Our primary data source is AWS Athena and was faced same issue with you.
There were some users that cause memory usage issue for redash because of fetch many rows (over 100k).
Consequently, some patches like below was applied to self hosted redash.
def __check_limit(self, query):
query = sqlparse.format(query, keyword_case='upper', identifier_case='lower')
parsed = sqlparse.parse(query)
select_flag = False
limit_flag = False
for t in parsed.tokens:
if str(t) == 'SELECT':
select_flag = True
if str(t) == 'LIMIT':
limit_flag = True
if select_flag and limit_flag:
elif not select_flag:
elif select_flag and not limit_flag:
raise Exception("required limit")
I posted same question to AWS Support.
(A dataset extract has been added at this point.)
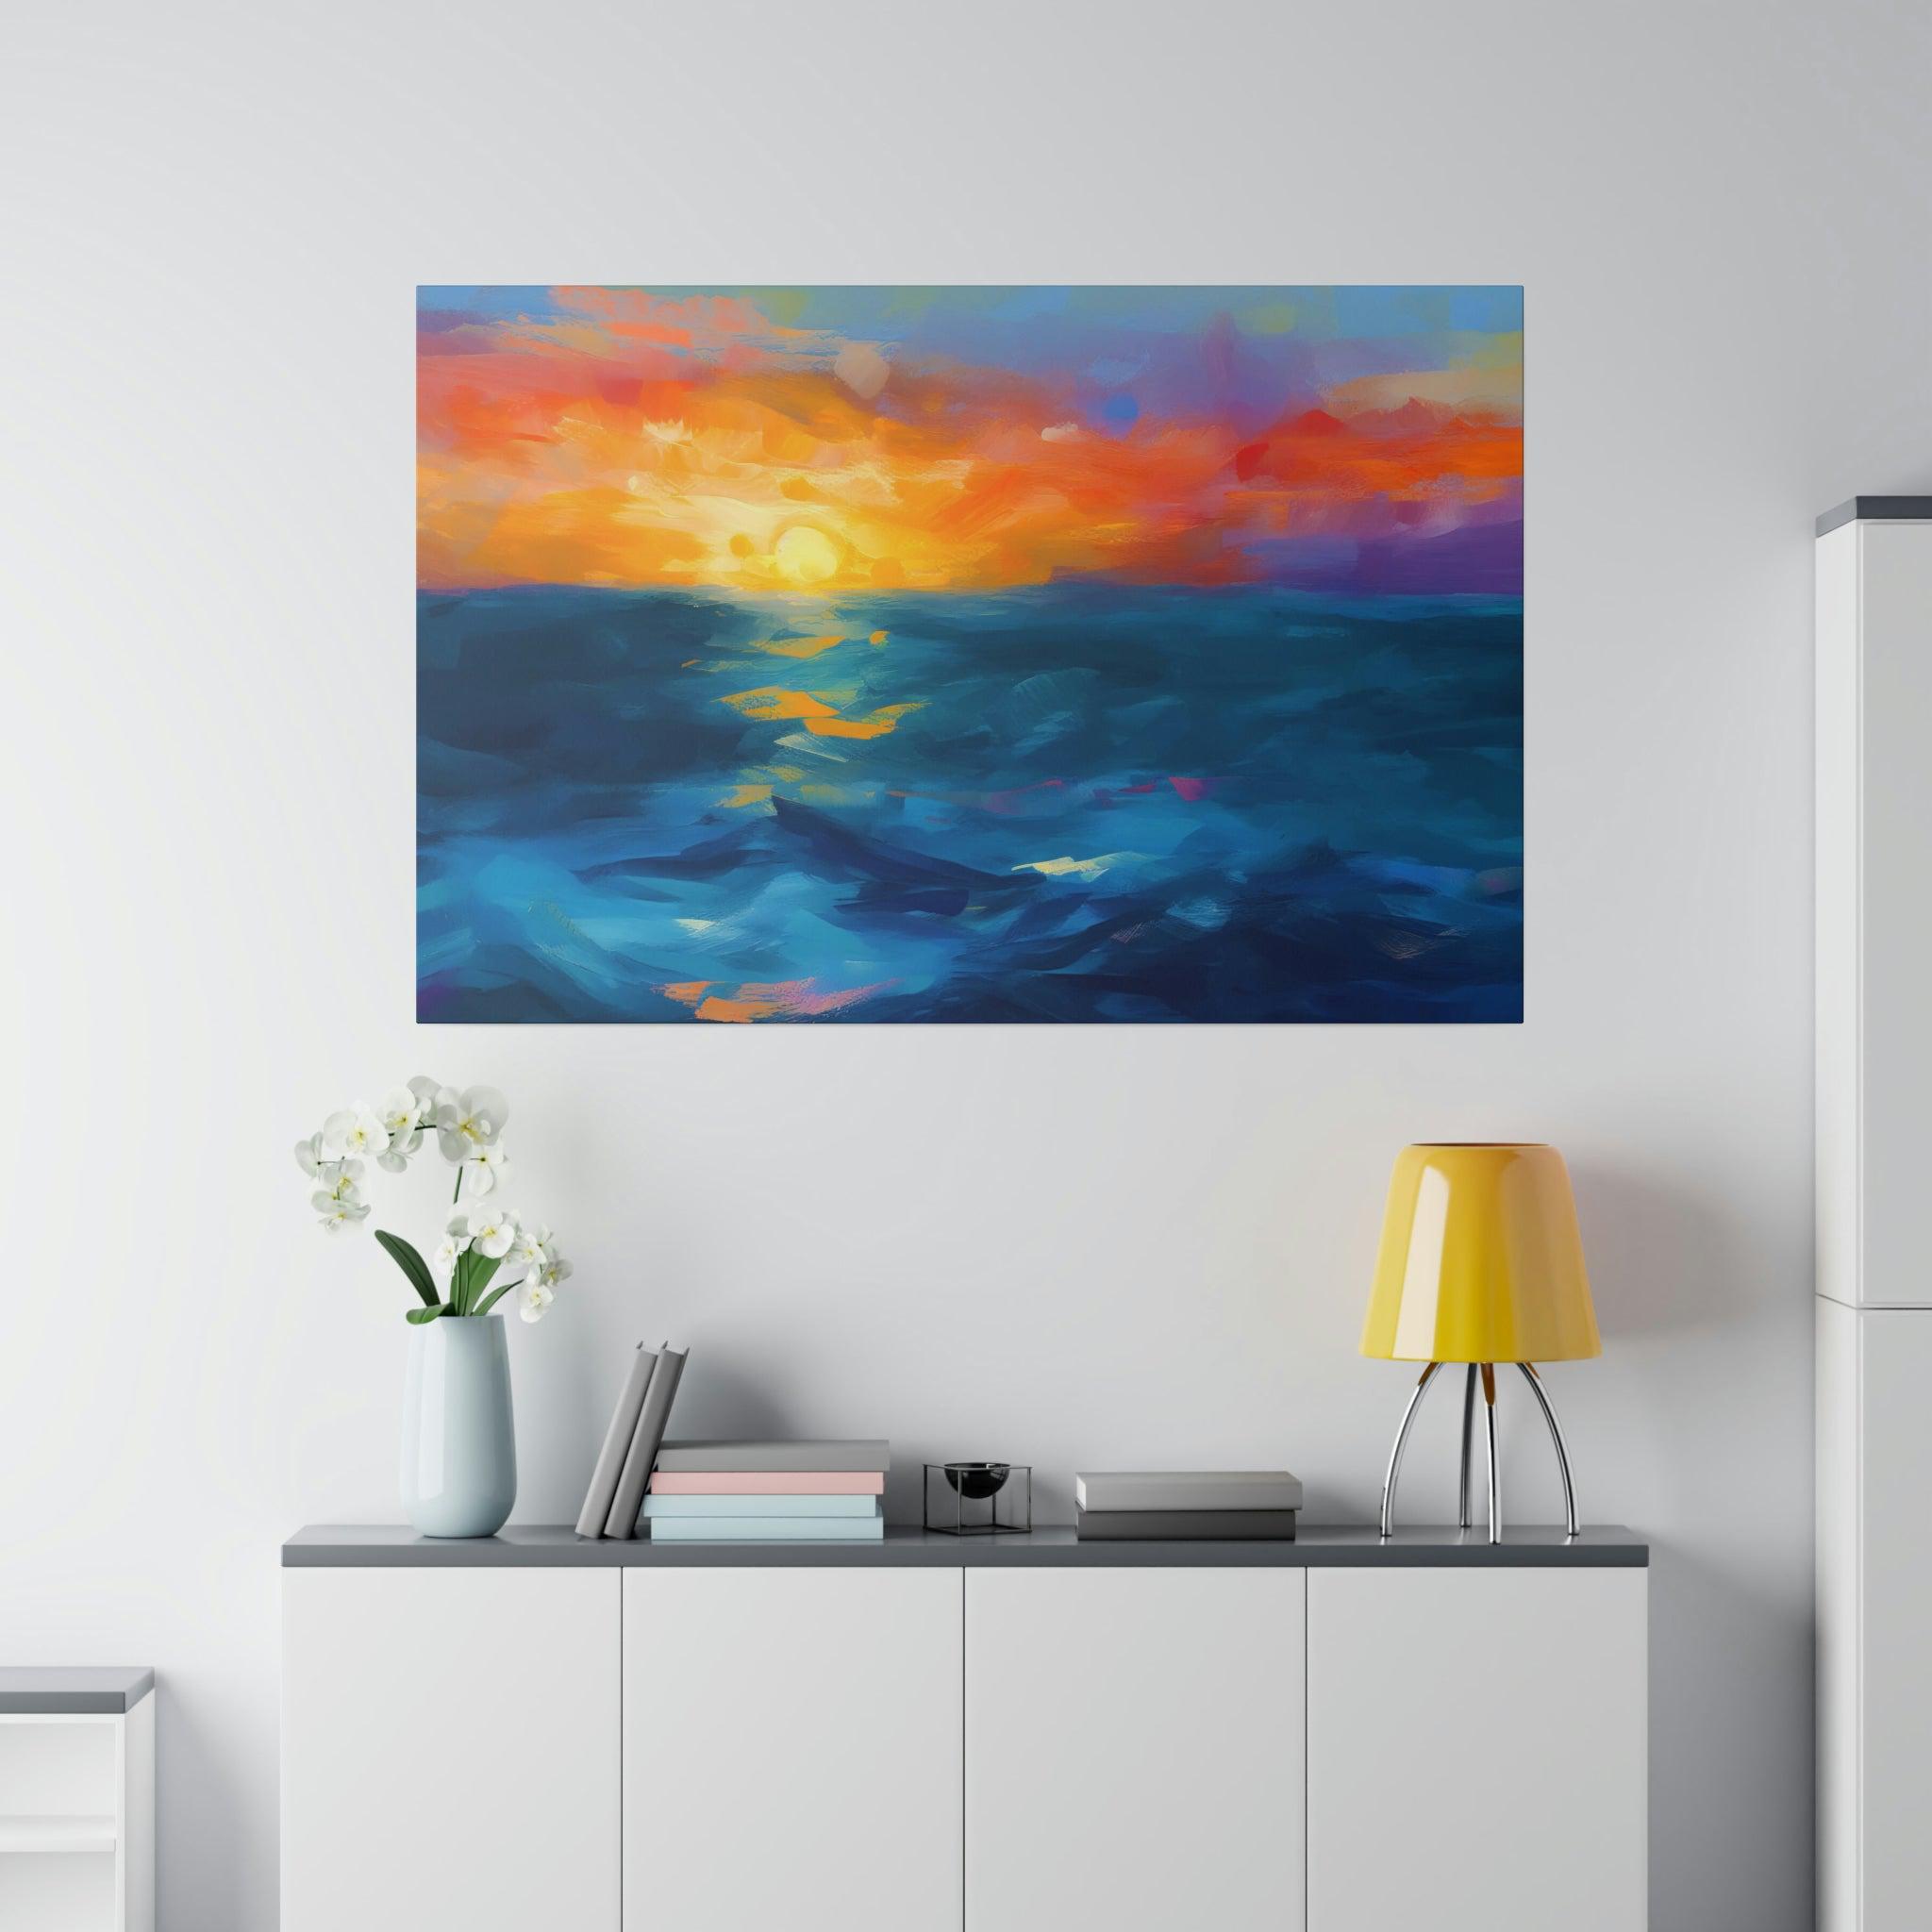 Ocean Sunset 2 Wall Art - Abstract Picture Canvas Print Wall Painting Modern Artwork Wall Art for Living Room Home Office Décor

They saied that Athena and official libraries provide some feature to fix the problem:
For example, RowsToFetchPerBlock and UseResultsetStreaming in Athena JDBC Driver can control row counts.
Athena’s GetQUeryResults API can also control. (doc)
But redash (and related libraries) don’t use it.
I know the default row count is 1000 when LIMIT is absent in current redash, but some user writes a query with the large LIMIT count.
So I need the LIMIT count enforcing feature.
For Alternative, I try to write small proxy server to intercept LIMIT-less query just now.
Sorry for Athena only reply because we don’t use Redshift.